* Listed entries *

»»

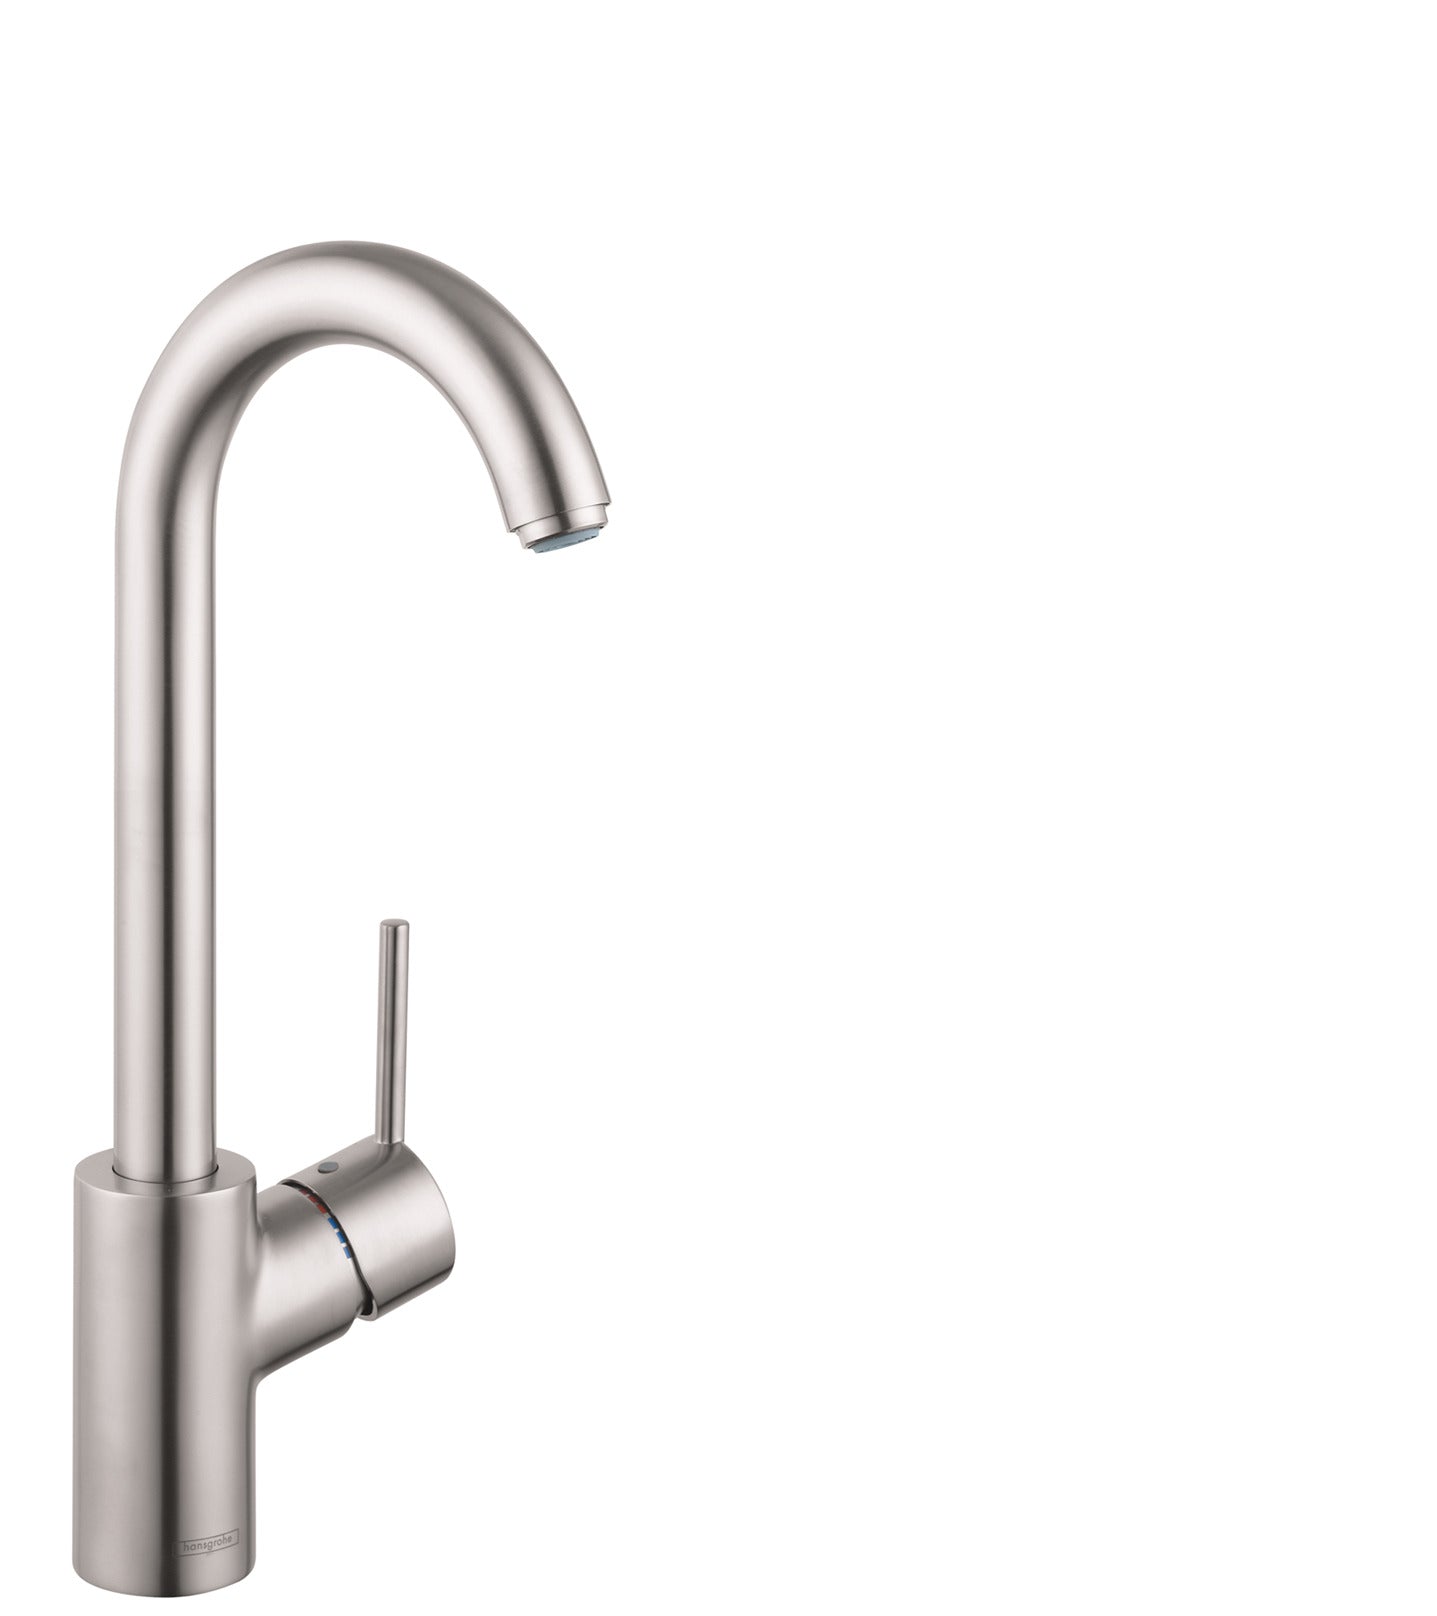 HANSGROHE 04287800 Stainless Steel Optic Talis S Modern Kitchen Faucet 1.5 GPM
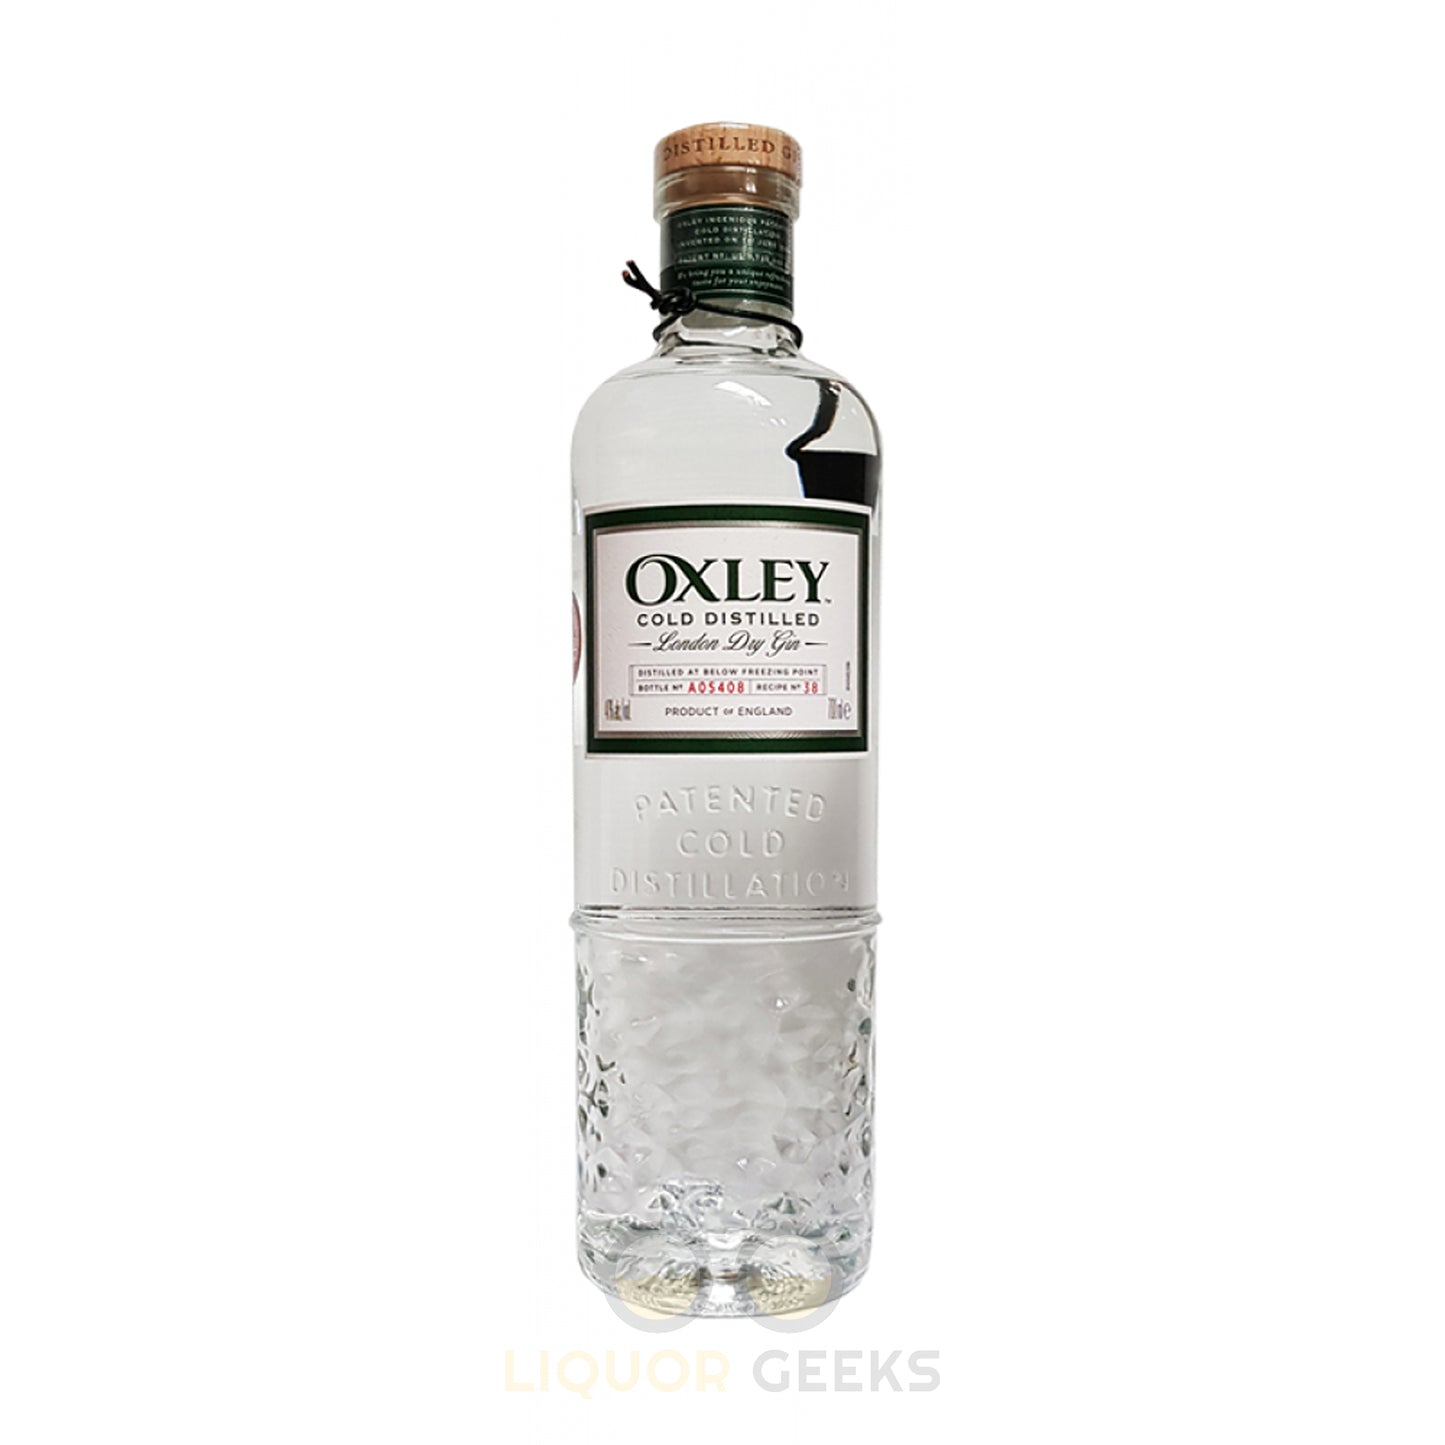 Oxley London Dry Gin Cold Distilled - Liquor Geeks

««
»»

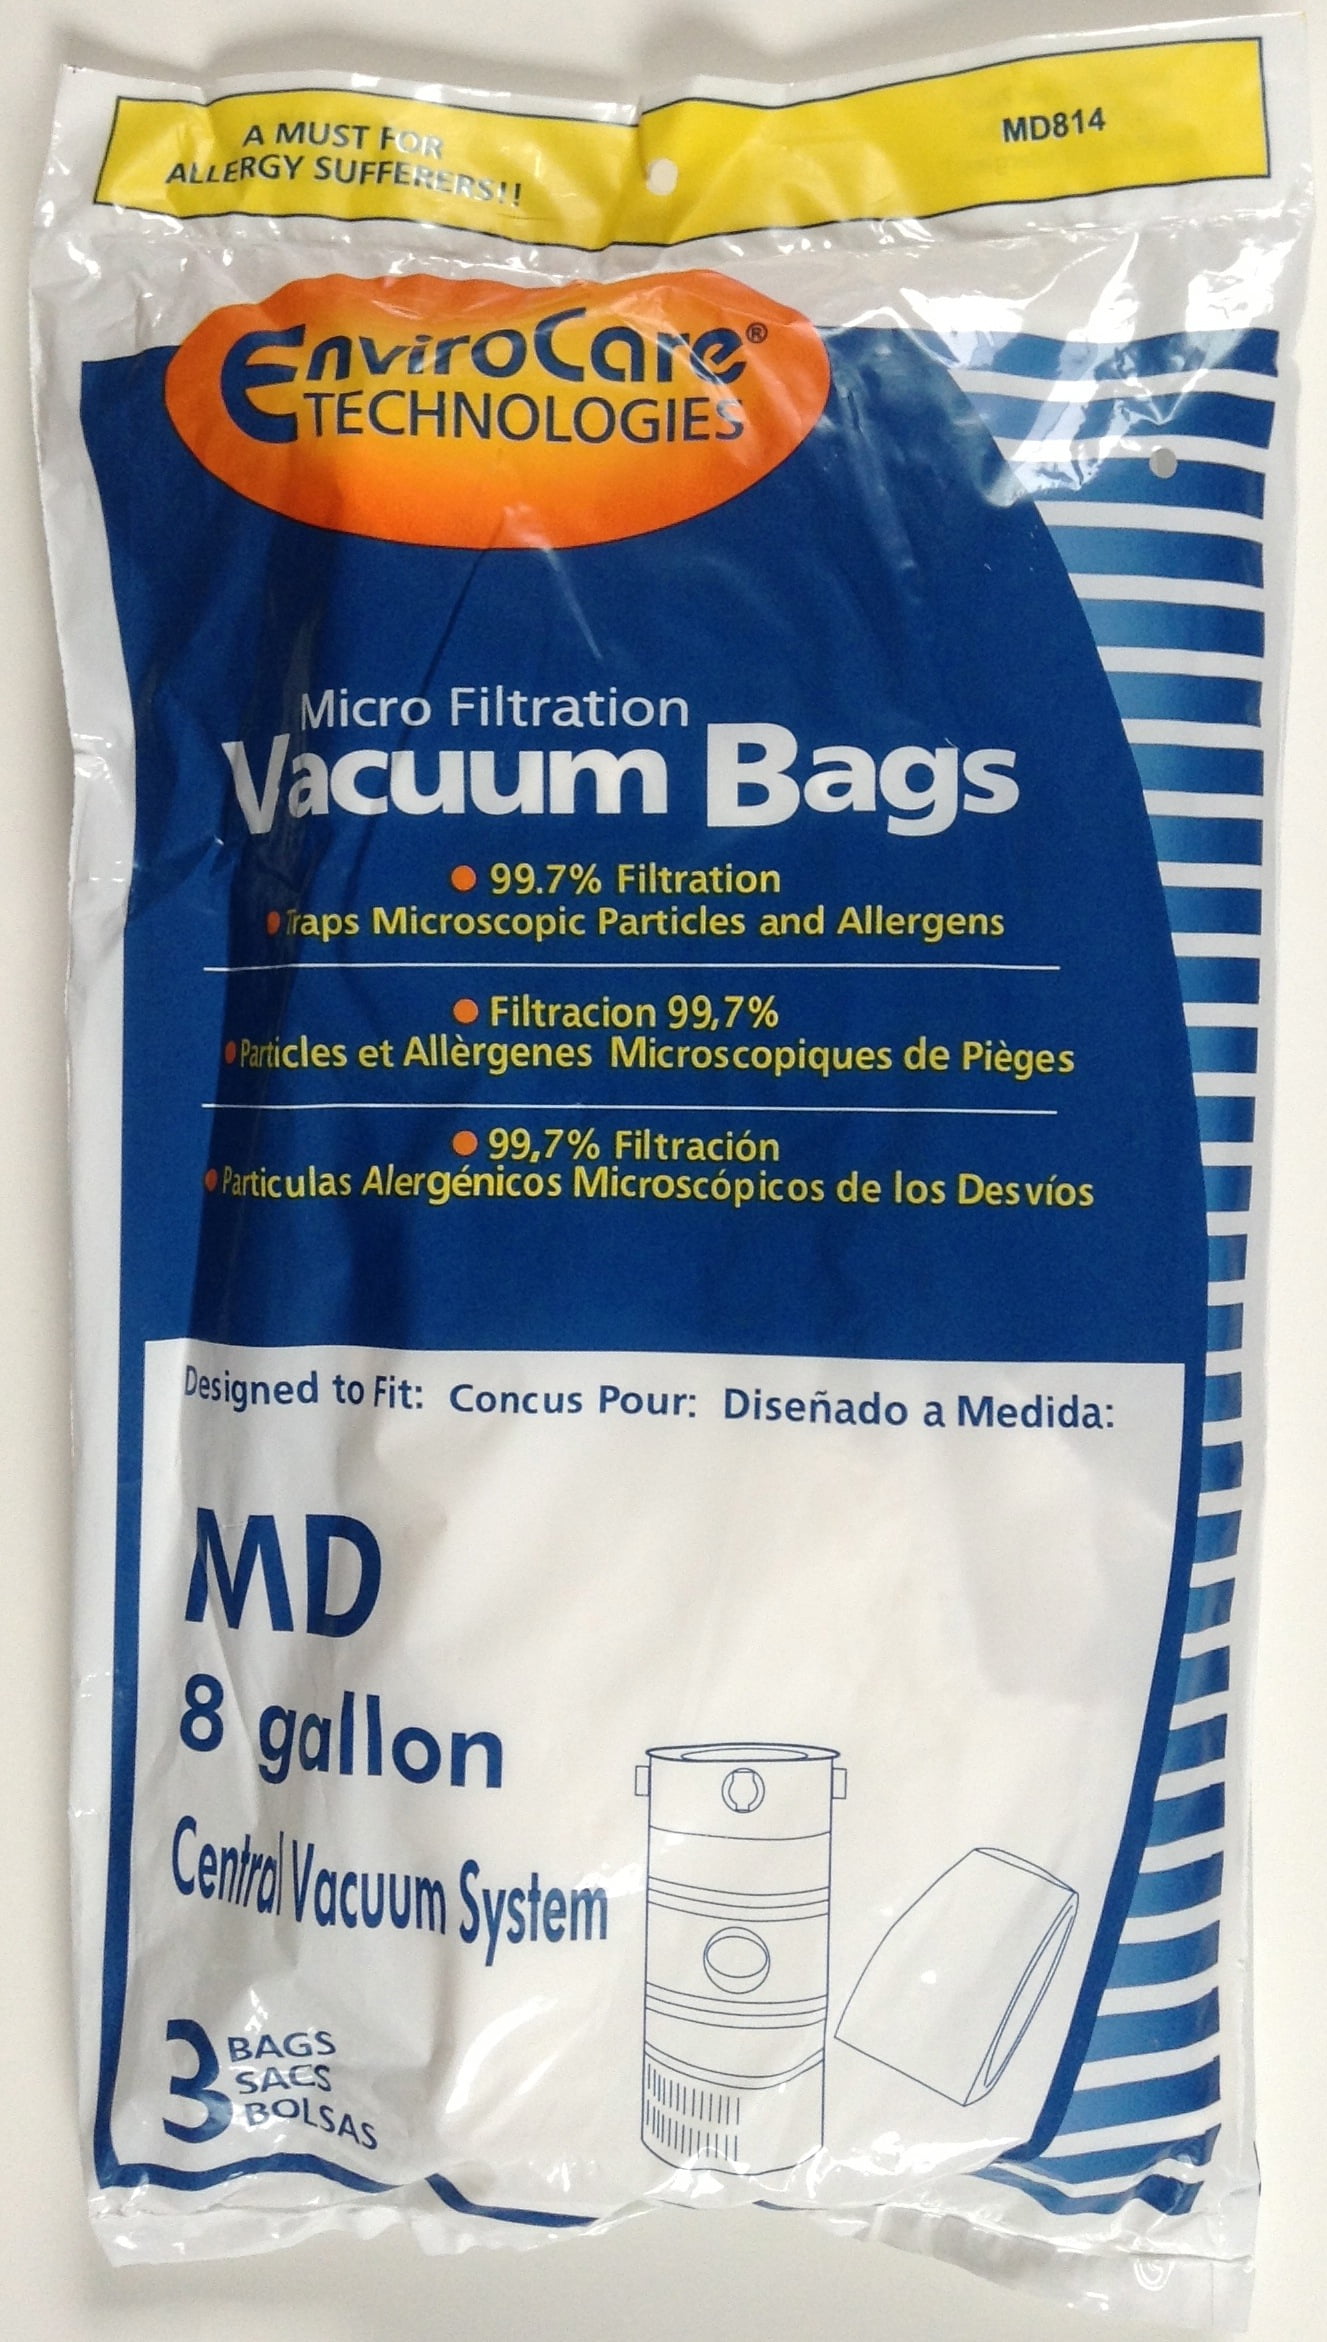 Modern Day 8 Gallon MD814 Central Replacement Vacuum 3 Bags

««
»»

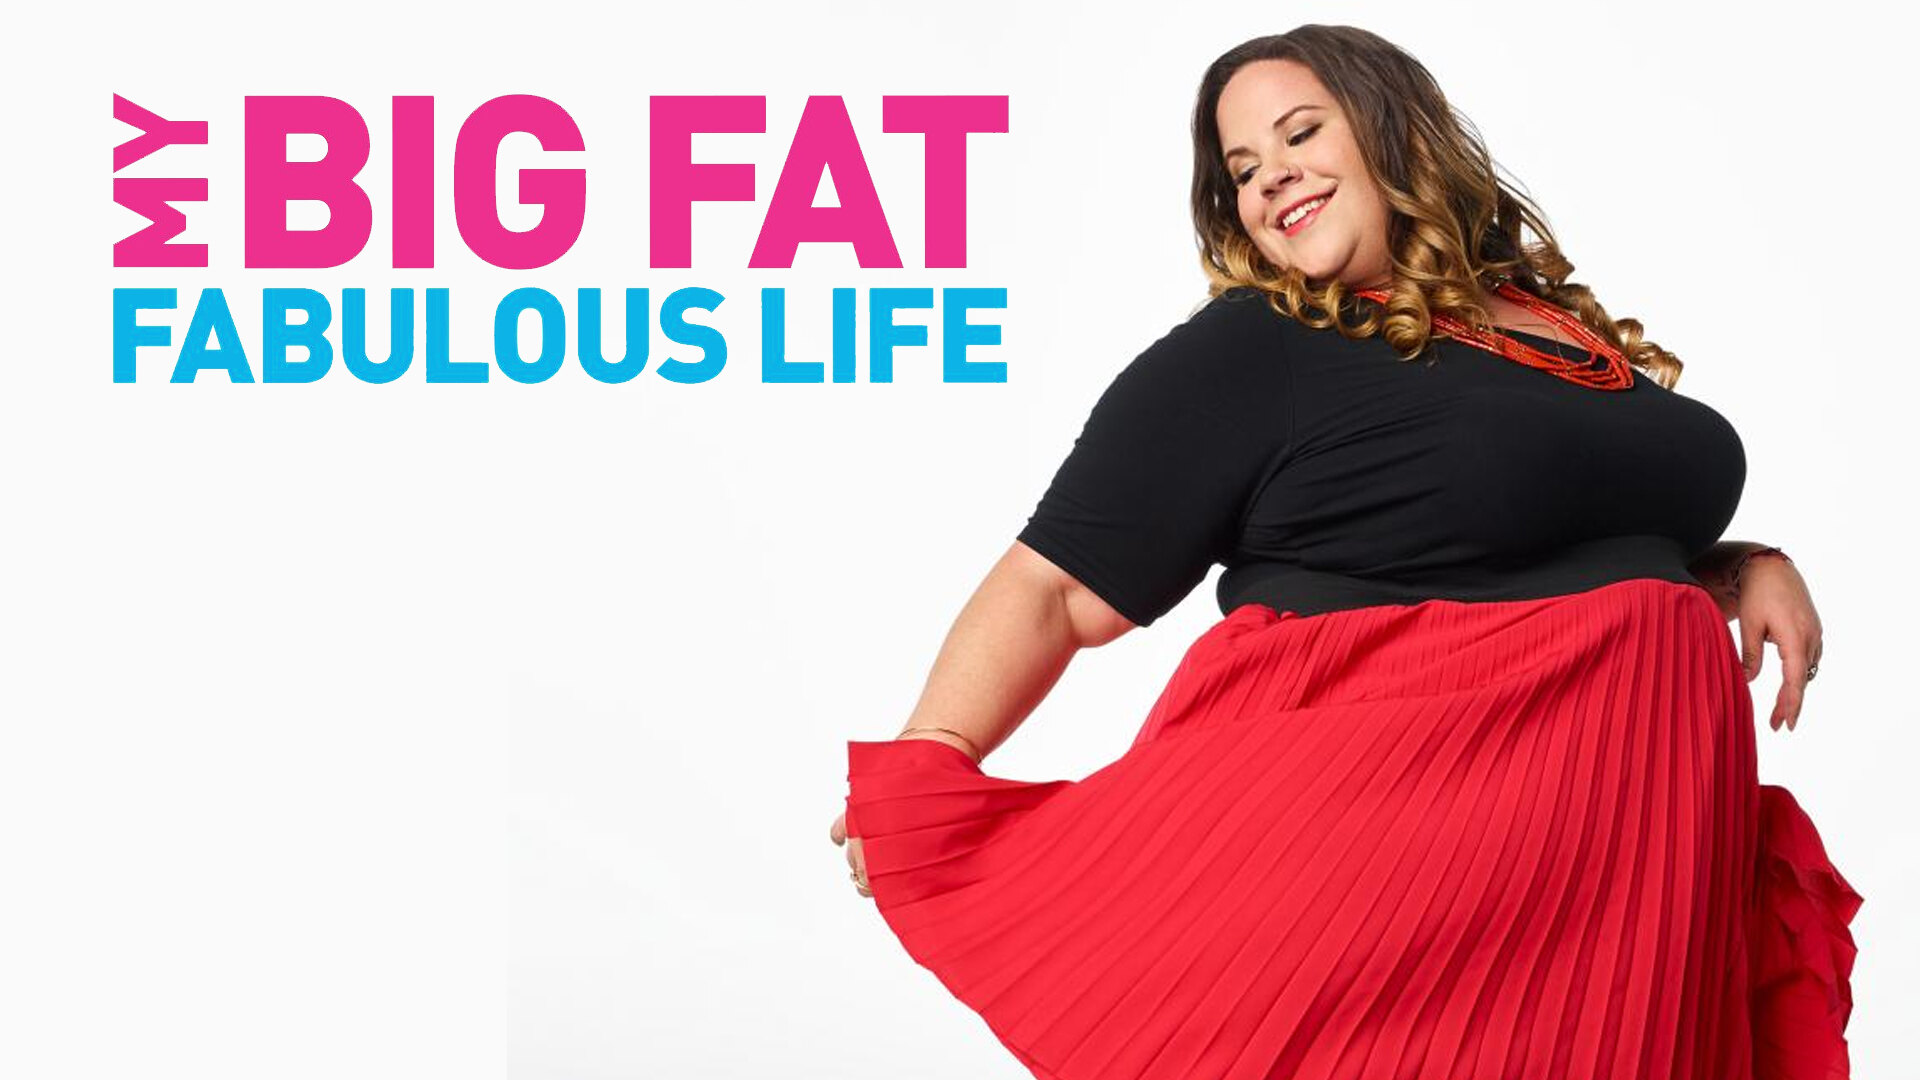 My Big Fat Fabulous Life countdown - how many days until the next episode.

««

* Aim of the task *
What you need to produce is an exact copy of the entries above, limited to the lines from the one with "HANSGROHE 04287800 Stainless" up to and including the one with "Oxley London Dry", without pictures.

* Exercise result *
 HANSGROHE 04287800 Stainless Steel Optic Talis S Modern Kitchen Faucet 1.5 GPM
 Oxley London Dry Gin Cold Distilled - Liquor Geeks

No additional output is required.